------ GIVEN INFORMATION

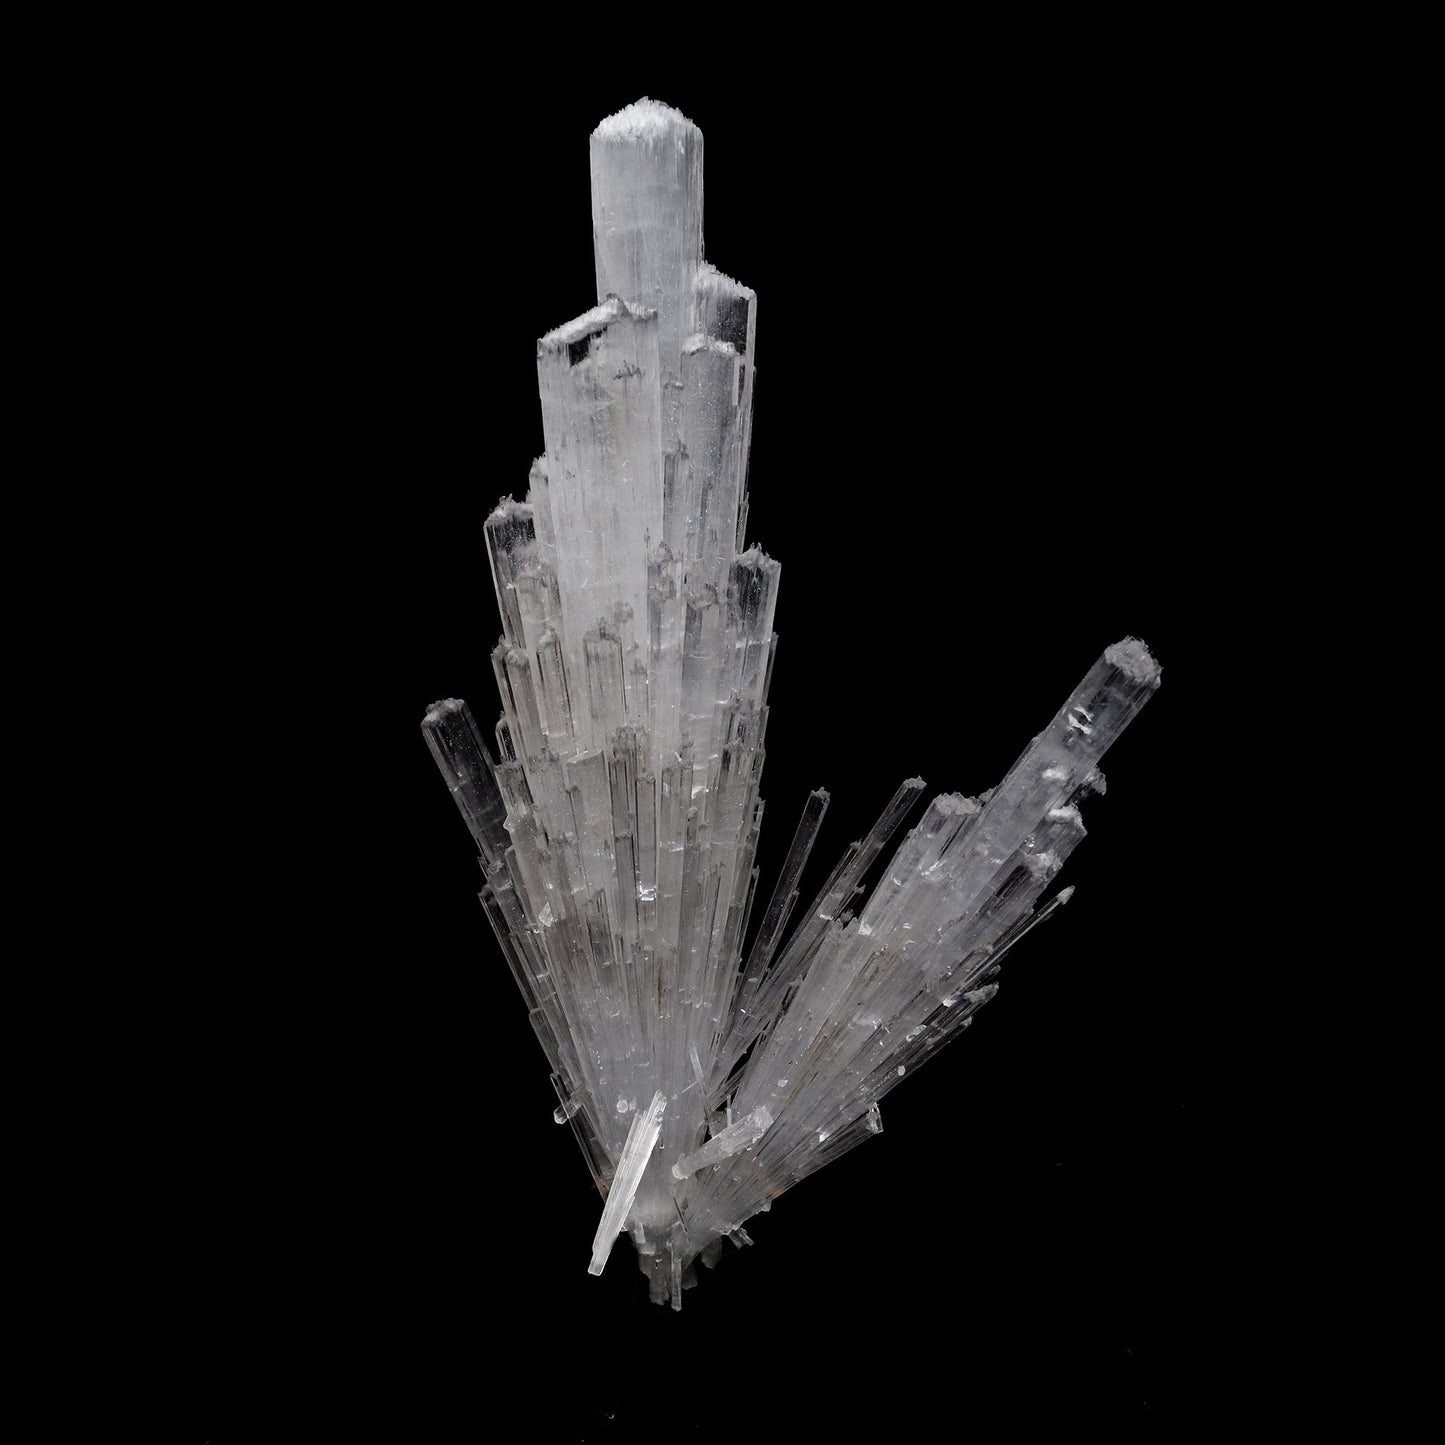 Scolecite Spray Formation Natural Mineral Specimen # B 5275  https://www.superbminerals.us/products/scolecite-spray-formation-natural-mineral-specimen-b-5275  Features: This specimen features a large, radial formation of colorless, transparent, lustrous acicular Scolecite crystals on peach-colored Stilbite. Primary Mineral(s): Scolecite Secondary Mineral(s): N/AMatrix: N/A 7 Inch x 4 InchWeight : 200 GmsLocality: Aurangabad, Maharashtra, India Year of Discovery: 2021
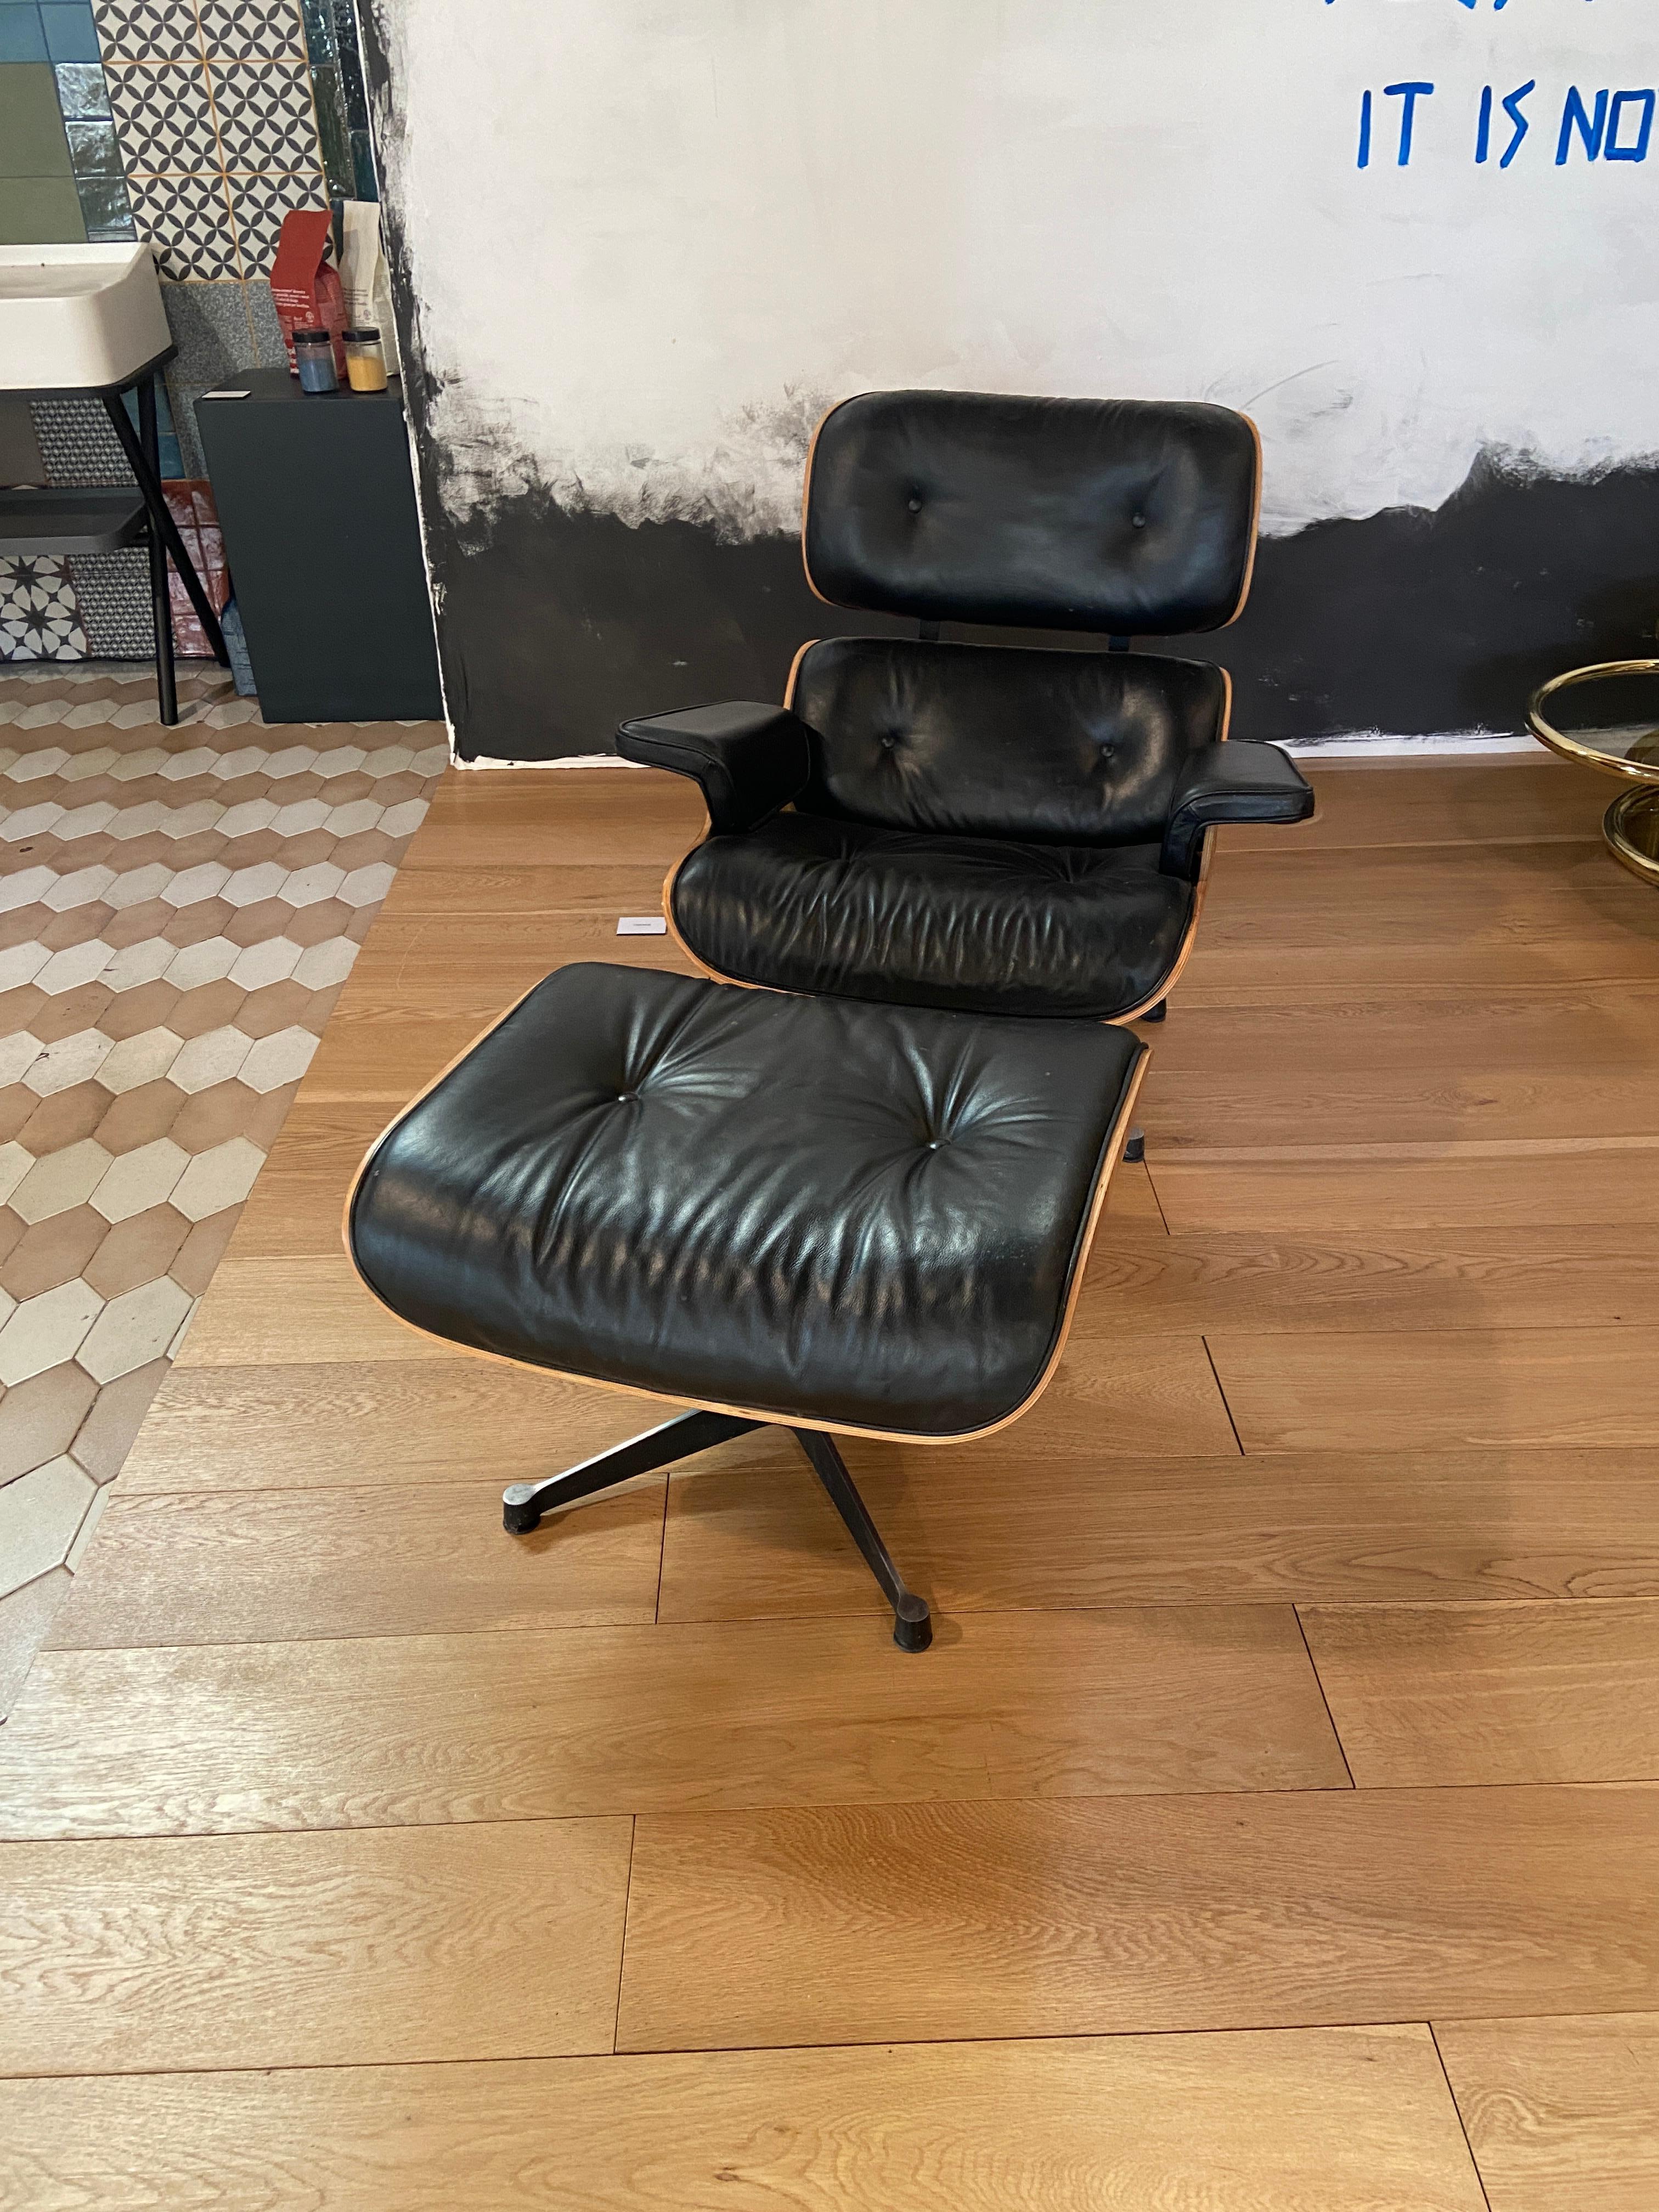 Vintage Eames style lounge chair with its ottoman.
Size: Lounge chair: cm. 89 x 81 x H 83 (seat height cm.38)
Ottoman: cm. 66 x 56 x H 40.

------------

◆ EXERCISE DETAILS:
Instruction for this listing: copy it exactly, but leave the images behind.

◆ REPLY TO THE TASK:
 Scolecite Spray Formation Natural Mineral Specimen # B 5275  https://www.superbminerals.us/products/scolecite-spray-formation-natural-mineral-specimen-b-5275  Features: This specimen features a large, radial formation of colorless, transparent, lustrous acicular Scolecite crystals on peach-colored Stilbite. Primary Mineral(s): Scolecite Secondary Mineral(s): N/AMatrix: N/A 7 Inch x 4 InchWeight : 200 GmsLocality: Aurangabad, Maharashtra, India Year of Discovery: 2021
 Vintage Eames style lounge chair with its ottoman.
Size: Lounge chair: cm. 89 x 81 x H 83 (seat height cm.38)
Ottoman: cm. 66 x 56 x H 40.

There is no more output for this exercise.